Larry Jones

No. 21
- Position: Wide receiver

Personal information
- Born: March 4, 1951 (age 75) Lemoore, California, U.S.
- Listed height: 5 ft 10 in (1.78 m)
- Listed weight: 170 lb (77 kg)

Career information
- High school: Lemoore
- College: Truman State
- NFL draft: 1974: 15th round, 367th overall pick

Career history
- New York Giants (1974); Washington Redskins (1974–1977); San Francisco 49ers (1978);

Career NFL statistics
- Receptions: 8
- Receiving yards: 109
- Receiving touchdowns: 2
- Stats at Pro Football Reference

= Larry Jones (wide receiver) =

American football player (born 1951)

Lawrence Allen Jones (born March 4, 1951) is an American former professional football player who was a wide receiver in the National Football League (NFL) for the New York Giants, the Washington Redskins, and the San Francisco 49ers. He played college football for the Truman Bulldogs (then Northeast Missouri State), where he was also an All-American in track and field.

==College career==

In 1972, Jones won the national championships in the 440 yards run. In 1974, Jones had the world's fastest time in the 440, at 45.2 seconds.

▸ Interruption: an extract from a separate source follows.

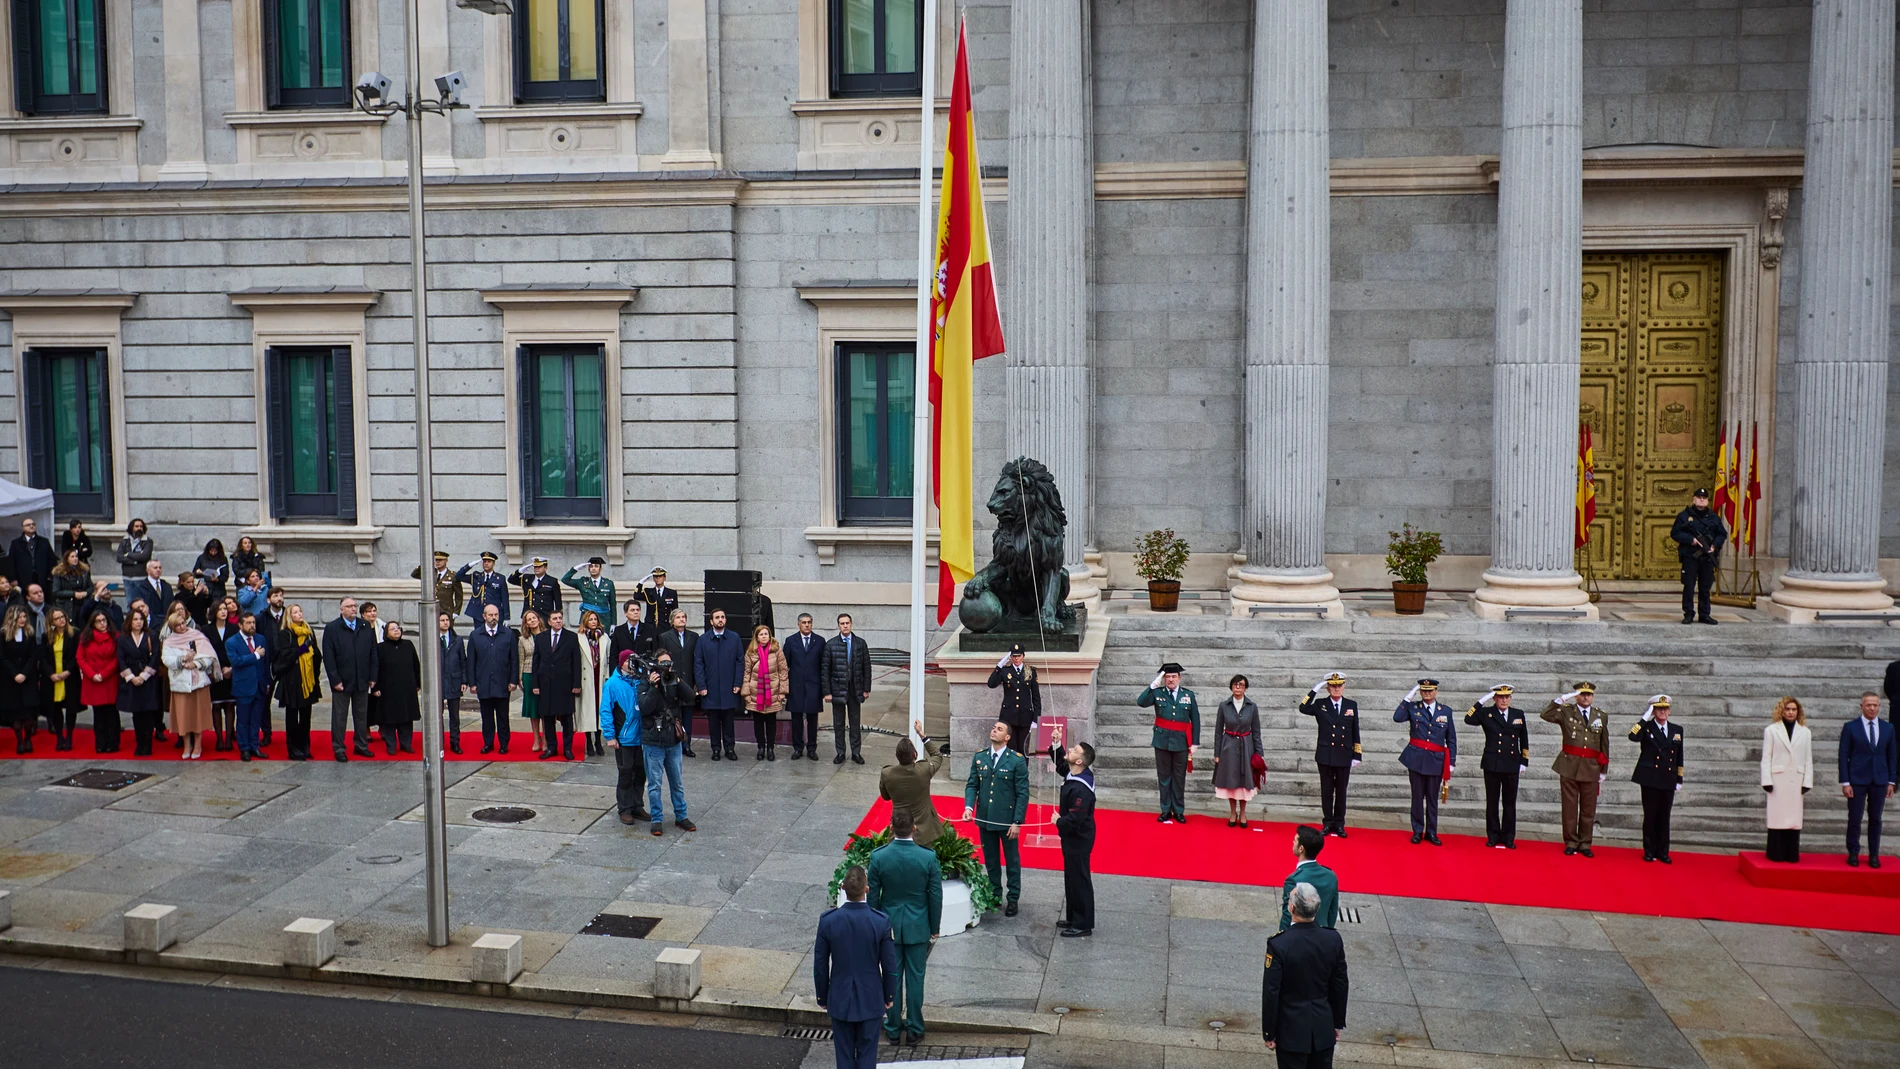 Acto Institucional del izado de bandera junto con autoridades militares y políticas a las puertas del Congreso de los Diputados durante la Conmemoración del aniversario de la Constitución este martes en Madrid.
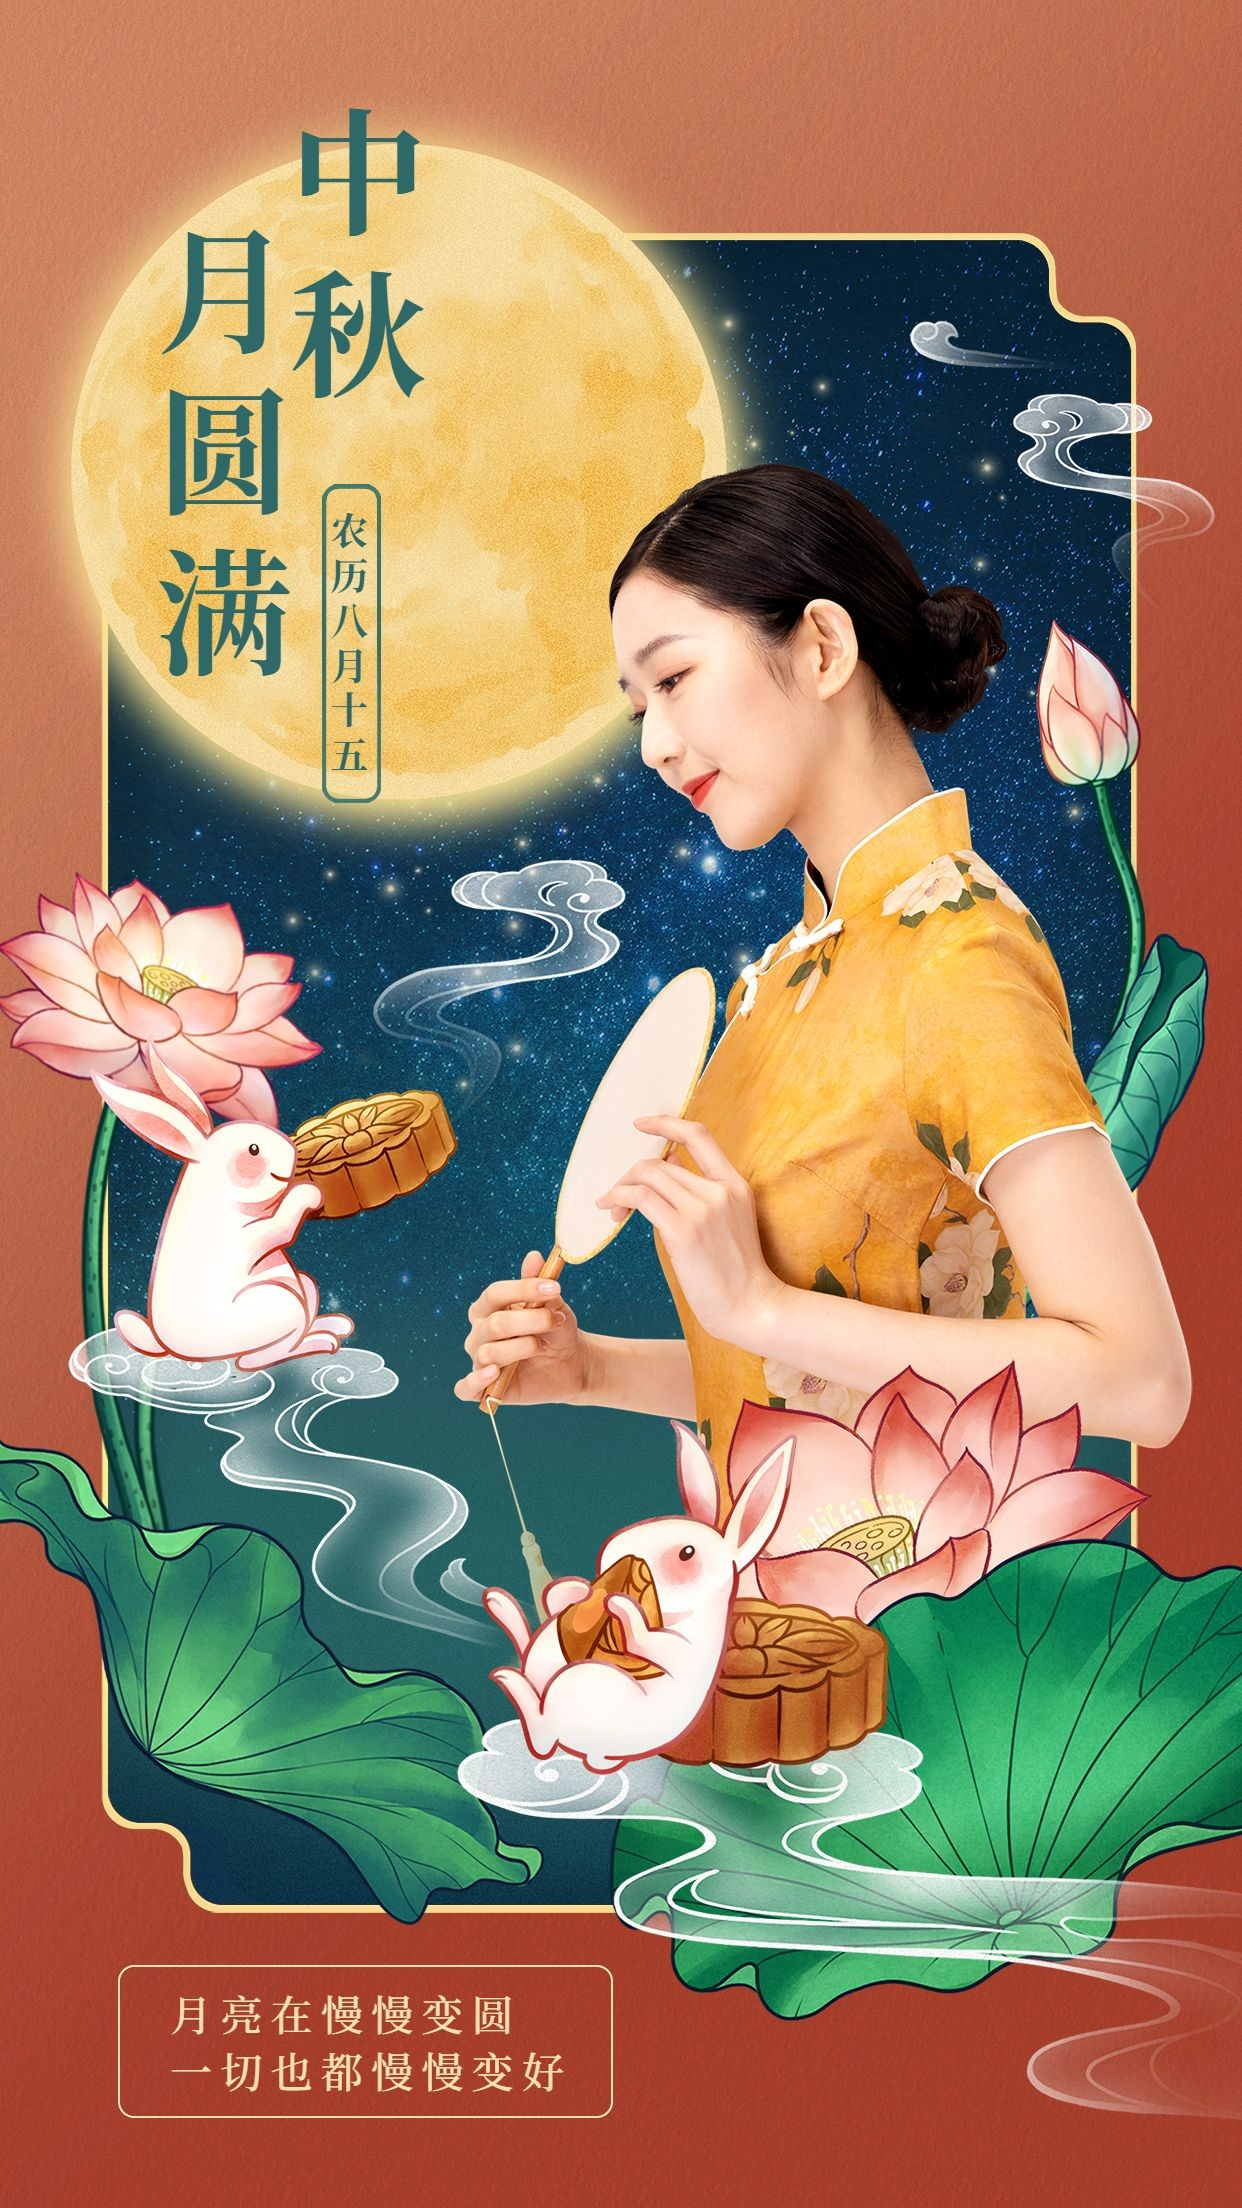 中秋节节日祝福人物晒照中国风手机海报

In 1985, Jones was inducted into the Truman State athletic hall of fame.

==NFL career==

Jones was selected 367th overall in the 15th round of the 1974 NFL draft by the New York Giants. He was released by the Giants before the season started and signed by the Washington Redskins. In the 1974 season, Jones returned 100 kicks, including a 52-yard return for a touchdown.

Before the 1978 season, Washington traded Jones to the San Francisco 49ers. The 49ers released Jones after 10 games. Jones subsequently signed with the Giants.